═════ RECORDS PROVIDED
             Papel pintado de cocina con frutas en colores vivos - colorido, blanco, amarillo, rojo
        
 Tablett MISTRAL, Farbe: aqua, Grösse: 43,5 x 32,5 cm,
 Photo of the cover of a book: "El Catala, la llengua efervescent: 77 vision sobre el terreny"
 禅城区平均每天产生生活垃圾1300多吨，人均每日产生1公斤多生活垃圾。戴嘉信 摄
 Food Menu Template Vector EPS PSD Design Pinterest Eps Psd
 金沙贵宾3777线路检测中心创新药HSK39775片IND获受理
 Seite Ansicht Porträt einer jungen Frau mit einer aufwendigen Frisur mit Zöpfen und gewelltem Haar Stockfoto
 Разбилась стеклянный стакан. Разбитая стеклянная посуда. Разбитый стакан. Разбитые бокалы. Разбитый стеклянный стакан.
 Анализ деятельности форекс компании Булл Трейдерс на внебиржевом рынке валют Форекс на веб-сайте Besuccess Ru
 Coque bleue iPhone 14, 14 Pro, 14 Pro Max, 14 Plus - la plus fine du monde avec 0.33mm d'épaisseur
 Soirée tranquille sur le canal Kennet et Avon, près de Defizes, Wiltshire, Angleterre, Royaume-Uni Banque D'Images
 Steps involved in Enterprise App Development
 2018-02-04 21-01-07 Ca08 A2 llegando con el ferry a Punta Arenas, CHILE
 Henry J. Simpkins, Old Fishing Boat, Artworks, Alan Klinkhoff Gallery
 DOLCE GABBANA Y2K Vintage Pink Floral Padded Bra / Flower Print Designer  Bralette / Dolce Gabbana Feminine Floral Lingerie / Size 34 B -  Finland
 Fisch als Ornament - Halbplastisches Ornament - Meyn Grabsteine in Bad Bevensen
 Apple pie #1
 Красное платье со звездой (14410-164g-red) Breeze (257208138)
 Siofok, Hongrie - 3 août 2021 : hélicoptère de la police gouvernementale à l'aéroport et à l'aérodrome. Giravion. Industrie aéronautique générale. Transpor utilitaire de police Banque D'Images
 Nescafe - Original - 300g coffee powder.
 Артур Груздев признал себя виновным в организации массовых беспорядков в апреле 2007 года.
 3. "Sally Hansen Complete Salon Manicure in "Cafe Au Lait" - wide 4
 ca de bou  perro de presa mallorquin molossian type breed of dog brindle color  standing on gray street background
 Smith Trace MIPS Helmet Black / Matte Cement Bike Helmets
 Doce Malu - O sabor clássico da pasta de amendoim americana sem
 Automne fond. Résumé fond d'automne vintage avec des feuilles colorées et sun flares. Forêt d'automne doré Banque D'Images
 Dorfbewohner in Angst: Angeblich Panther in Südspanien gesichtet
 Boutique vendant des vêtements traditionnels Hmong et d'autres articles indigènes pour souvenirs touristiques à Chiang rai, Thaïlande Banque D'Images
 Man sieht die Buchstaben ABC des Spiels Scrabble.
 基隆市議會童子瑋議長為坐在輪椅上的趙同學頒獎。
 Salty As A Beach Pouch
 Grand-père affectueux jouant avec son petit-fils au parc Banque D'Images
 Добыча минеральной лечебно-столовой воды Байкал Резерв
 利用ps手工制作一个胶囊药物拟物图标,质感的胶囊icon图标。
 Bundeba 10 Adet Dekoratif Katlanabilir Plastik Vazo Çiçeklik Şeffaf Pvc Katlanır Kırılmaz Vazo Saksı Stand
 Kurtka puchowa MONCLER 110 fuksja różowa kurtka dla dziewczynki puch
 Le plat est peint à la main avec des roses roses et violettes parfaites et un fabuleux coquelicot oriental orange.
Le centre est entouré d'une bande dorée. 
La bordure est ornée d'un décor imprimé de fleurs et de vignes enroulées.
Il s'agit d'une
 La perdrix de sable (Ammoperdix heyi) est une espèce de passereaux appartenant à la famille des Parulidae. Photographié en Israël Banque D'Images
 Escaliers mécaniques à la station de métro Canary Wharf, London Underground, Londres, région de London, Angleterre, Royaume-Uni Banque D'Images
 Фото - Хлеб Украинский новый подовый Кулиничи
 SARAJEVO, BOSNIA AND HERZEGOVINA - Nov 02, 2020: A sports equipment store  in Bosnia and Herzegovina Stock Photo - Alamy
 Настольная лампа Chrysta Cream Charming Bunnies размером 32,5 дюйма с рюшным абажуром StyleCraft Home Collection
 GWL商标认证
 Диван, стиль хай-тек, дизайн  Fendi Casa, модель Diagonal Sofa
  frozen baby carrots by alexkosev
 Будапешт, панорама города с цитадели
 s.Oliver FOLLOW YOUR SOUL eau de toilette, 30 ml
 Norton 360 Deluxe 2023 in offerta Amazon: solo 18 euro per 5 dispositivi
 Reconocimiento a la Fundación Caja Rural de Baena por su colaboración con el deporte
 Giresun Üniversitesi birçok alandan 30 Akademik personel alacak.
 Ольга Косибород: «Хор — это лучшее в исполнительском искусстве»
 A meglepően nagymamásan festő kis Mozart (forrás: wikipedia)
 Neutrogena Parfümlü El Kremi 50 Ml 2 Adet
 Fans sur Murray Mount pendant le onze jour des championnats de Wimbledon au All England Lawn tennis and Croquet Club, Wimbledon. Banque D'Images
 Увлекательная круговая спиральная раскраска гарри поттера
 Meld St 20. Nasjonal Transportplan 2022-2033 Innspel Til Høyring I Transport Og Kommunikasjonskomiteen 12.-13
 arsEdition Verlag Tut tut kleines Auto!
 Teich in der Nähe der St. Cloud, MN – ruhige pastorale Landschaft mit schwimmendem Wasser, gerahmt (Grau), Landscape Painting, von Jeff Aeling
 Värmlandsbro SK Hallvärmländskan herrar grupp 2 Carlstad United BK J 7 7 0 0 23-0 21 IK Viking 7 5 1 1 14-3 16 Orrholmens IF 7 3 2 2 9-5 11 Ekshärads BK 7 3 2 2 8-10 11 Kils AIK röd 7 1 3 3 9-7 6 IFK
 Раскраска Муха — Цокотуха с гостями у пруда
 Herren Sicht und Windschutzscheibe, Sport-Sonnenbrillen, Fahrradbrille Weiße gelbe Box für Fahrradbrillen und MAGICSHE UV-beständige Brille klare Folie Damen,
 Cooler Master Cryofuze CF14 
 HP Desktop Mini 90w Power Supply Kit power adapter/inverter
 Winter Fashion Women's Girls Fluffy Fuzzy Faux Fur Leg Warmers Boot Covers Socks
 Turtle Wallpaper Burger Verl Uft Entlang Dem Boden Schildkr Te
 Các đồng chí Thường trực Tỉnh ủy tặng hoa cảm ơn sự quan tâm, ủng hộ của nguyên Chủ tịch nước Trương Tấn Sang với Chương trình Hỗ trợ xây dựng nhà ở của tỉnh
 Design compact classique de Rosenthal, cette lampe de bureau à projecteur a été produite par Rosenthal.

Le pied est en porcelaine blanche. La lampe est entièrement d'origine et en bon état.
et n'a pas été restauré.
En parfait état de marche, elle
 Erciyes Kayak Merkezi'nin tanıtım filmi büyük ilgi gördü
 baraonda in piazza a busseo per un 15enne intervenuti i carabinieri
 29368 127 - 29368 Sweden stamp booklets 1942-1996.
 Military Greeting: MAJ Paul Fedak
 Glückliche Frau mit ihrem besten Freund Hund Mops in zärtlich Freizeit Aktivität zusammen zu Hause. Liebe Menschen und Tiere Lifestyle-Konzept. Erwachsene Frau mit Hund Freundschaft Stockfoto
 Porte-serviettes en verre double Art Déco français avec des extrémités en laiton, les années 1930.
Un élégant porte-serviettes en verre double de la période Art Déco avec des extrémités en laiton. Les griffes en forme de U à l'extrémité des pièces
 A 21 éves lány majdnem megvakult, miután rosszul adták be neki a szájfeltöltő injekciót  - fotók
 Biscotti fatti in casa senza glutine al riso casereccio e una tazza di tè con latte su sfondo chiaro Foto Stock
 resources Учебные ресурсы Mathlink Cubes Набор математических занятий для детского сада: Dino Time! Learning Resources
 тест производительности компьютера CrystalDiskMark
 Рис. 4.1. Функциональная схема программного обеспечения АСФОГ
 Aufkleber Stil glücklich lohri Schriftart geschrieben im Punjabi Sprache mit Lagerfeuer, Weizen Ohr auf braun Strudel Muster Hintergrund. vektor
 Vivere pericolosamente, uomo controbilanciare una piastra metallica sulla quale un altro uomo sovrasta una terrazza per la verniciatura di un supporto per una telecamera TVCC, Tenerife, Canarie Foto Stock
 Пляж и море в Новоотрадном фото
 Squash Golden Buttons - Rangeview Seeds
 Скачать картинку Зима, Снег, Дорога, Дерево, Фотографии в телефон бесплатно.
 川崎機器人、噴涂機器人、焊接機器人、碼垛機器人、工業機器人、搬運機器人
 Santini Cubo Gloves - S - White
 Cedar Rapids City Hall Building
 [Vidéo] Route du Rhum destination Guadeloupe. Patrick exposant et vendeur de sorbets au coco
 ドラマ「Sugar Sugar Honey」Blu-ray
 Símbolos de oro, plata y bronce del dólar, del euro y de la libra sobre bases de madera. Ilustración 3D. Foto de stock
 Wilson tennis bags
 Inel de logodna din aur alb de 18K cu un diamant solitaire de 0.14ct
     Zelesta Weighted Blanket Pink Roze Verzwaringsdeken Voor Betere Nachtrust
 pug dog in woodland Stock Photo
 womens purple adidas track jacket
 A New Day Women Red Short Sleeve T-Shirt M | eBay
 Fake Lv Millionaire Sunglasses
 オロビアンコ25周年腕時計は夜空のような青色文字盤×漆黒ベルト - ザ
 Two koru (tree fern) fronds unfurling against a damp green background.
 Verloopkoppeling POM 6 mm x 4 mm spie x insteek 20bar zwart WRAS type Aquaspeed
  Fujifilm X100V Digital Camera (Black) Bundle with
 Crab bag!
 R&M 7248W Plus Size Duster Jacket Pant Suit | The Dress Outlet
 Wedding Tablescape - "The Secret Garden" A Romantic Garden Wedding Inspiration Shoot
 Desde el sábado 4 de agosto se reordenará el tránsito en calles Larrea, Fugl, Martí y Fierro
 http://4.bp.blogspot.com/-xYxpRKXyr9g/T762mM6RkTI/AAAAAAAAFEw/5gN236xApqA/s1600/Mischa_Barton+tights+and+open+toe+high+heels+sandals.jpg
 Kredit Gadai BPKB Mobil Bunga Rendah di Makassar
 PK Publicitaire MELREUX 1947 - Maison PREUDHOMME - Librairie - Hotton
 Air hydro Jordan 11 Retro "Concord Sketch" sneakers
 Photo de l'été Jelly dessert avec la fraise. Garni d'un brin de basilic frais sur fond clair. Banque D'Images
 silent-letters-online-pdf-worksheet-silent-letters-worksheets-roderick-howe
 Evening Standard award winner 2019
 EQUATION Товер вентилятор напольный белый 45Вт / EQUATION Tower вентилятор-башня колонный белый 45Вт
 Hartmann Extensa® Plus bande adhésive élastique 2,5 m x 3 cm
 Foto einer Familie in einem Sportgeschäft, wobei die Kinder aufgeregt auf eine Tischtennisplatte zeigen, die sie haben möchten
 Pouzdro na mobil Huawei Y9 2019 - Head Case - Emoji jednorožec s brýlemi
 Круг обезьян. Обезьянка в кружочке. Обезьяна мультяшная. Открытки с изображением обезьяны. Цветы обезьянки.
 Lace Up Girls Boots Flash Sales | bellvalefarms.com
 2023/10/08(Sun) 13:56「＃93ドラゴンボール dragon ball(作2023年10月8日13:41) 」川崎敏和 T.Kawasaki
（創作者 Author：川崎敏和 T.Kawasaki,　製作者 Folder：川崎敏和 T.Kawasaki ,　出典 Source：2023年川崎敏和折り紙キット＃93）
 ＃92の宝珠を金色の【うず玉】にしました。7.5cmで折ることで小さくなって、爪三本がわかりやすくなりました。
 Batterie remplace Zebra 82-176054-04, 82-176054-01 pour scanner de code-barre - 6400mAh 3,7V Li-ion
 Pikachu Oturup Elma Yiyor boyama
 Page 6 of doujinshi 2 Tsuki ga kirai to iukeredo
══════════
In the entries above, find the line with "Salty As A Beach Pouch" and the line with "A meglepően nagymamásan", then set down exactly those two and every line between them, nothing else.

 Salty As A Beach Pouch
 Grand-père affectueux jouant avec son petit-fils au parc Banque D'Images
 Добыча минеральной лечебно-столовой воды Байкал Резерв
 利用ps手工制作一个胶囊药物拟物图标,质感的胶囊icon图标。
 Bundeba 10 Adet Dekoratif Katlanabilir Plastik Vazo Çiçeklik Şeffaf Pvc Katlanır Kırılmaz Vazo Saksı Stand
 Kurtka puchowa MONCLER 110 fuksja różowa kurtka dla dziewczynki puch
 Le plat est peint à la main avec des roses roses et violettes parfaites et un fabuleux coquelicot oriental orange.
Le centre est entouré d'une bande dorée. 
La bordure est ornée d'un décor imprimé de fleurs et de vignes enroulées.
Il s'agit d'une
 La perdrix de sable (Ammoperdix heyi) est une espèce de passereaux appartenant à la famille des Parulidae. Photographié en Israël Banque D'Images
 Escaliers mécaniques à la station de métro Canary Wharf, London Underground, Londres, région de London, Angleterre, Royaume-Uni Banque D'Images
 Фото - Хлеб Украинский новый подовый Кулиничи
 SARAJEVO, BOSNIA AND HERZEGOVINA - Nov 02, 2020: A sports equipment store  in Bosnia and Herzegovina Stock Photo - Alamy
 Настольная лампа Chrysta Cream Charming Bunnies размером 32,5 дюйма с рюшным абажуром StyleCraft Home Collection
 GWL商标认证
 Диван, стиль хай-тек, дизайн  Fendi Casa, модель Diagonal Sofa
  frozen baby carrots by alexkosev
 Будапешт, панорама города с цитадели
 s.Oliver FOLLOW YOUR SOUL eau de toilette, 30 ml
 Norton 360 Deluxe 2023 in offerta Amazon: solo 18 euro per 5 dispositivi
 Reconocimiento a la Fundación Caja Rural de Baena por su colaboración con el deporte
 Giresun Üniversitesi birçok alandan 30 Akademik personel alacak.
 Ольга Косибород: «Хор — это лучшее в исполнительском искусстве»
 A meglepően nagymamásan festő kis Mozart (forrás: wikipedia)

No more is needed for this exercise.